▸ **Work to be completed**
The lines from the one with "Spódniczka jeansowa niebieska marmurkowa" through the last line below are to be copied exactly; no other lines are to be returned.

*** Dataset records Section Begins ***

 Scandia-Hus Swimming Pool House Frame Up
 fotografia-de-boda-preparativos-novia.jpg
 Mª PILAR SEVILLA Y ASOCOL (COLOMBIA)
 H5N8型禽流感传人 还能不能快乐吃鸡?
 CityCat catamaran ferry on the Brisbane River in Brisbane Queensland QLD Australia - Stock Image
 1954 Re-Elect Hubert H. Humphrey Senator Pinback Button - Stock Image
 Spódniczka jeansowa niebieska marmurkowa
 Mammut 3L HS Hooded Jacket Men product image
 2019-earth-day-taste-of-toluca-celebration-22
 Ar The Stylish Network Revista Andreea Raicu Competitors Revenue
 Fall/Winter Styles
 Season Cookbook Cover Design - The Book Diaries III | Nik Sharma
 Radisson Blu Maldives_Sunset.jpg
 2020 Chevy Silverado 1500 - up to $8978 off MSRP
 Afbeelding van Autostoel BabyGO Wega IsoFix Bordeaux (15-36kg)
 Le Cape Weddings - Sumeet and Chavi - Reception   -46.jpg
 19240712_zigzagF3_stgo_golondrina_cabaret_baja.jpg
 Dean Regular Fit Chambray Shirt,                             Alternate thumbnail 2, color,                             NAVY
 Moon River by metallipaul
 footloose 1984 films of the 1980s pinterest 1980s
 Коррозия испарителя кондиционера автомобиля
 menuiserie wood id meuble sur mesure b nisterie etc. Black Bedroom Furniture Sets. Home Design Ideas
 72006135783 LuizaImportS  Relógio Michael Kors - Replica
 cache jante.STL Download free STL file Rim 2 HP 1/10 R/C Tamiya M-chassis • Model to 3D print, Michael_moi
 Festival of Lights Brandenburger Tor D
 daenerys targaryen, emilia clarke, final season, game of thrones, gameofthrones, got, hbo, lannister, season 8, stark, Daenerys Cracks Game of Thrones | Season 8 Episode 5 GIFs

*** Dataset records Section Ends ***

▸ **Expected answer**
 Spódniczka jeansowa niebieska marmurkowa
 Mammut 3L HS Hooded Jacket Men product image
 2019-earth-day-taste-of-toluca-celebration-22
 Ar The Stylish Network Revista Andreea Raicu Competitors Revenue
 Fall/Winter Styles
 Season Cookbook Cover Design - The Book Diaries III | Nik Sharma
 Radisson Blu Maldives_Sunset.jpg
 2020 Chevy Silverado 1500 - up to $8978 off MSRP
 Afbeelding van Autostoel BabyGO Wega IsoFix Bordeaux (15-36kg)
 Le Cape Weddings - Sumeet and Chavi - Reception   -46.jpg
 19240712_zigzagF3_stgo_golondrina_cabaret_baja.jpg
 Dean Regular Fit Chambray Shirt,                             Alternate thumbnail 2, color,                             NAVY
 Moon River by metallipaul
 footloose 1984 films of the 1980s pinterest 1980s
 Коррозия испарителя кондиционера автомобиля
 menuiserie wood id meuble sur mesure b nisterie etc. Black Bedroom Furniture Sets. Home Design Ideas
 72006135783 LuizaImportS  Relógio Michael Kors - Replica
 cache jante.STL Download free STL file Rim 2 HP 1/10 R/C Tamiya M-chassis • Model to 3D print, Michael_moi
 Festival of Lights Brandenburger Tor D
 daenerys targaryen, emilia clarke, final season, game of thrones, gameofthrones, got, hbo, lannister, season 8, stark, Daenerys Cracks Game of Thrones | Season 8 Episode 5 GIFs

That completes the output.